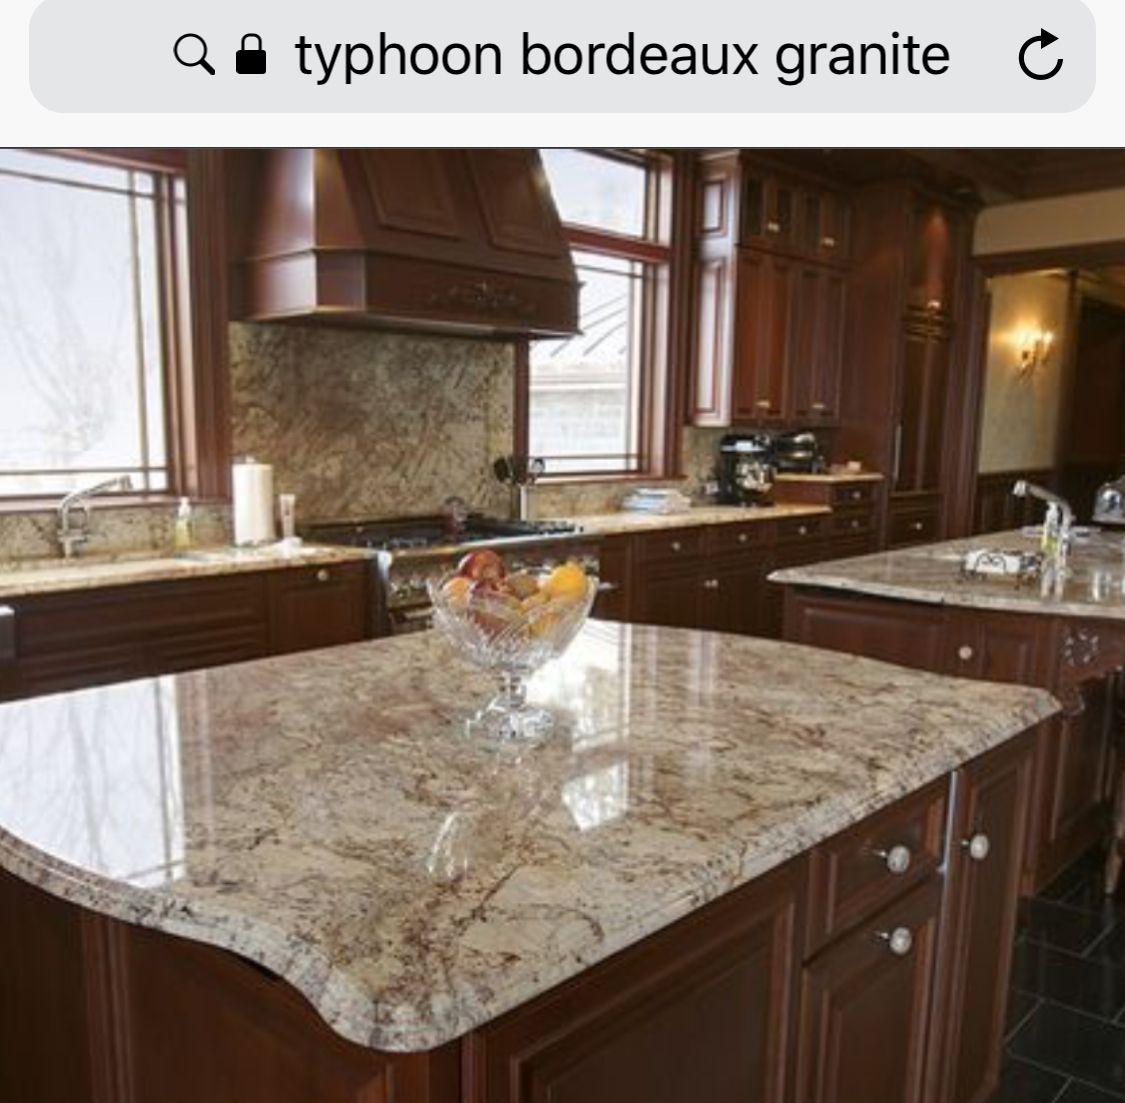 Pin By Rosella Nissen On Kitchens Modern Walnut Kitchen New Kitchen Cabinets Granite Countertops Kitchen
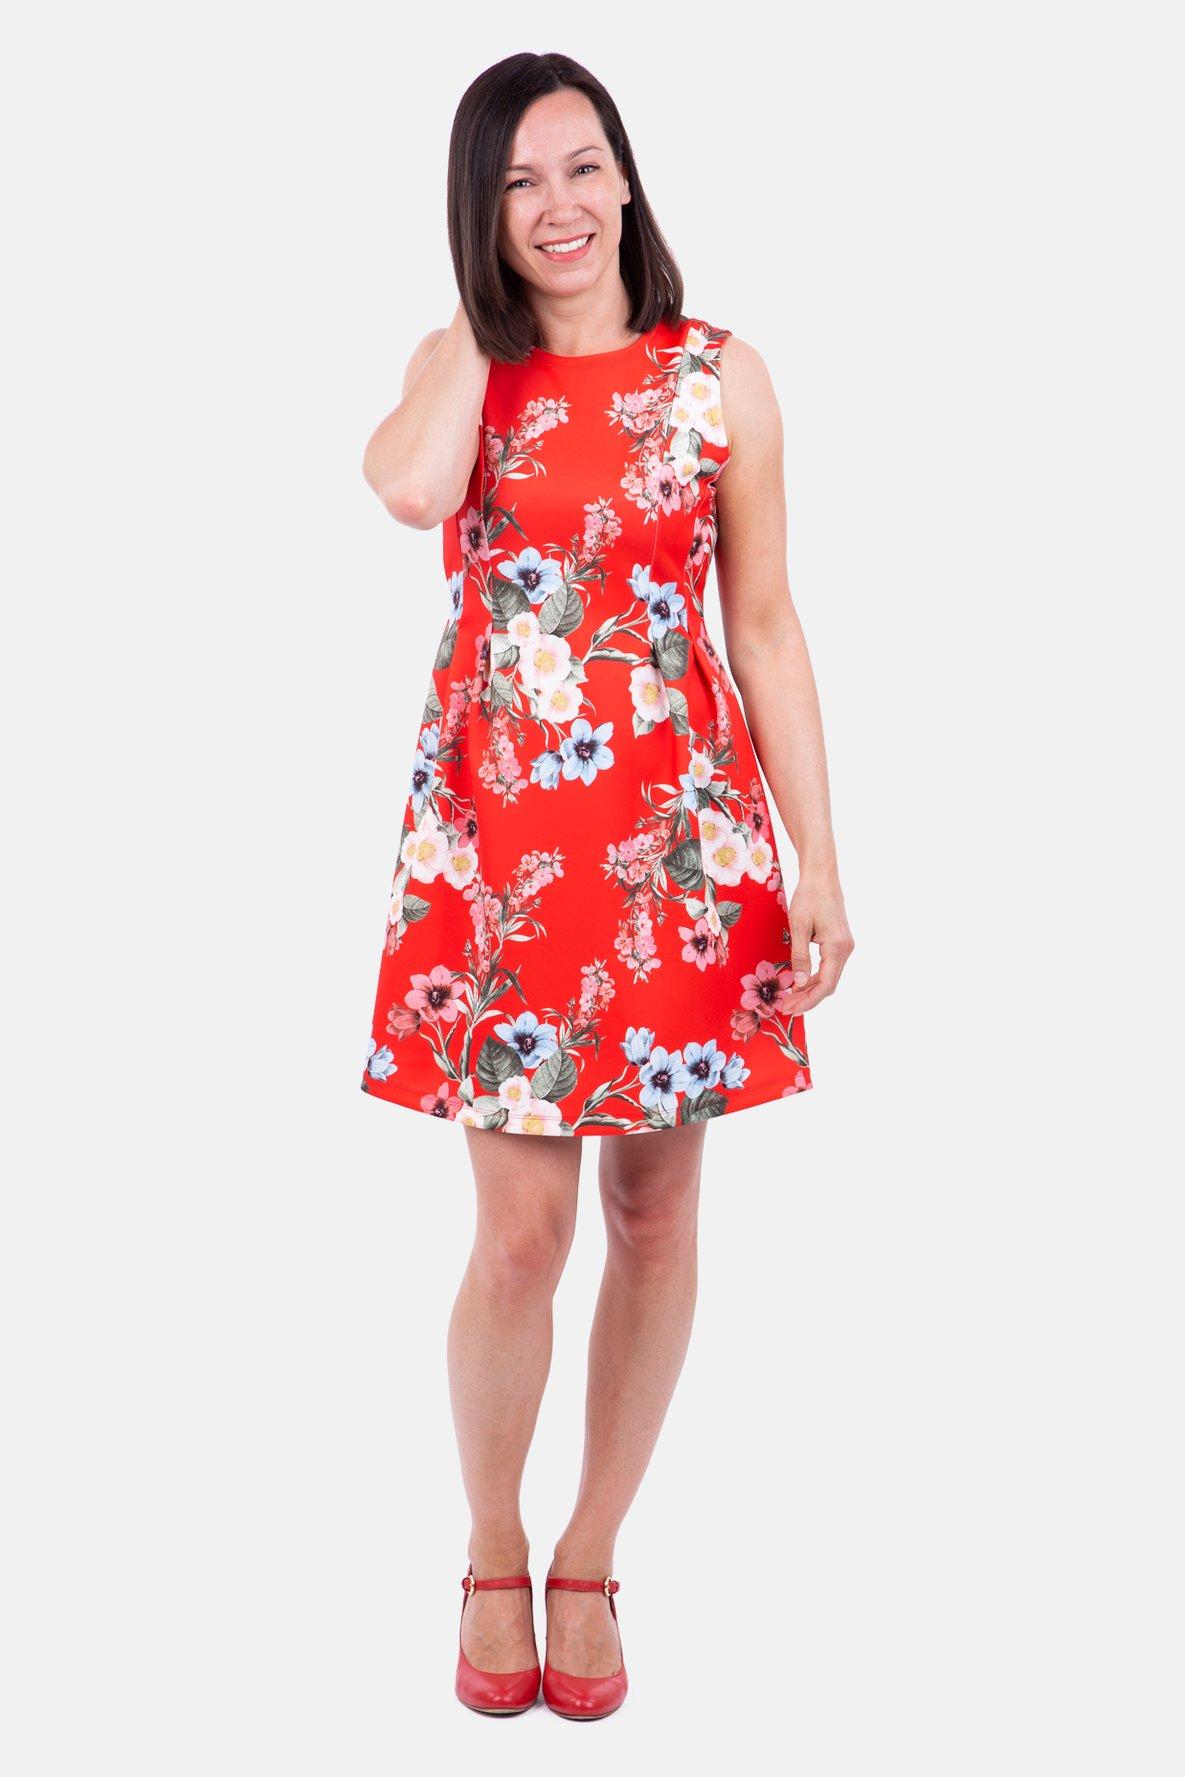 Damen Schnittmuster Festliches Kleid Kleid Festliches 7bfgyv6Y
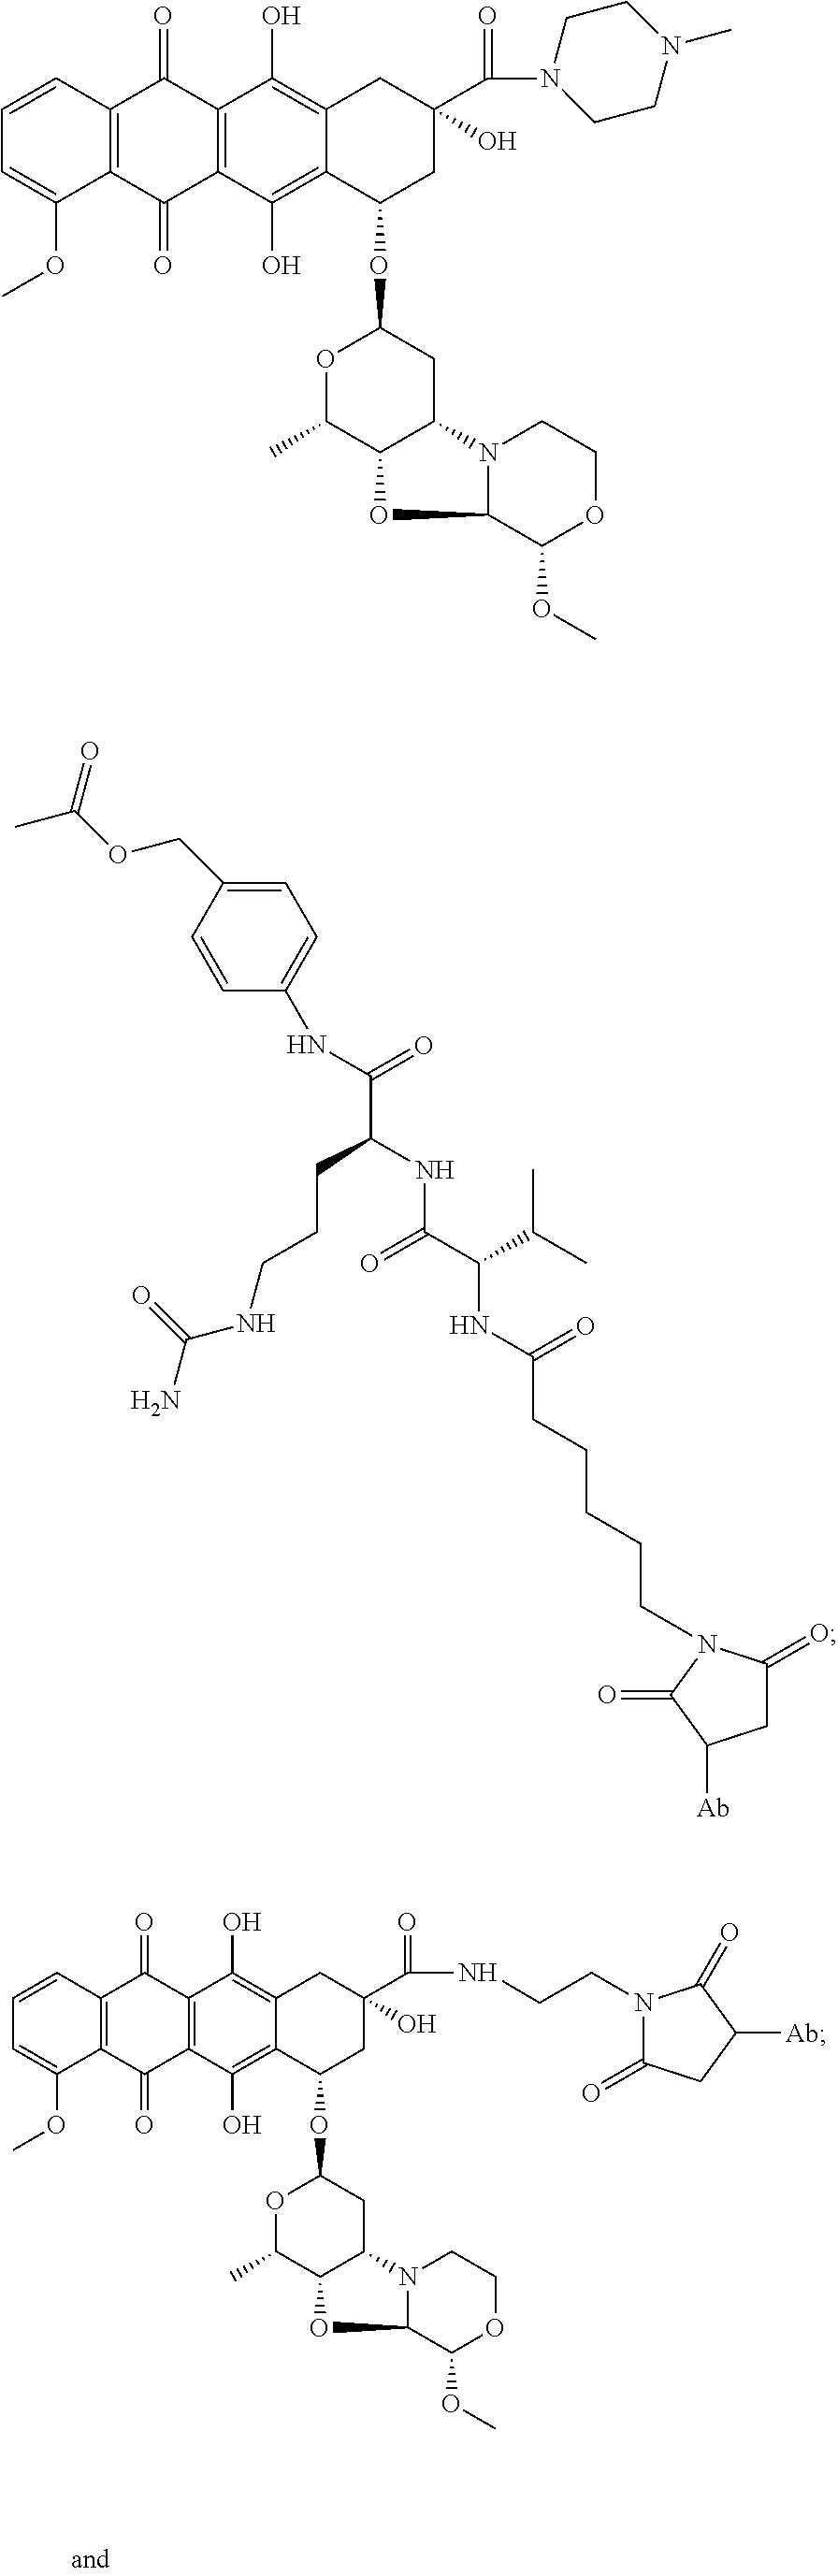 Figure US09695240-20170704-C00115

__________

Task item:
Output precisely the lines in the material above from the line containing "Damen Schnittmuster Festliches" through its last line, and omit pictures.

Exercise output:
 Damen Schnittmuster Festliches Kleid Kleid Festliches 7bfgyv6Y
 Figure US09695240-20170704-C00115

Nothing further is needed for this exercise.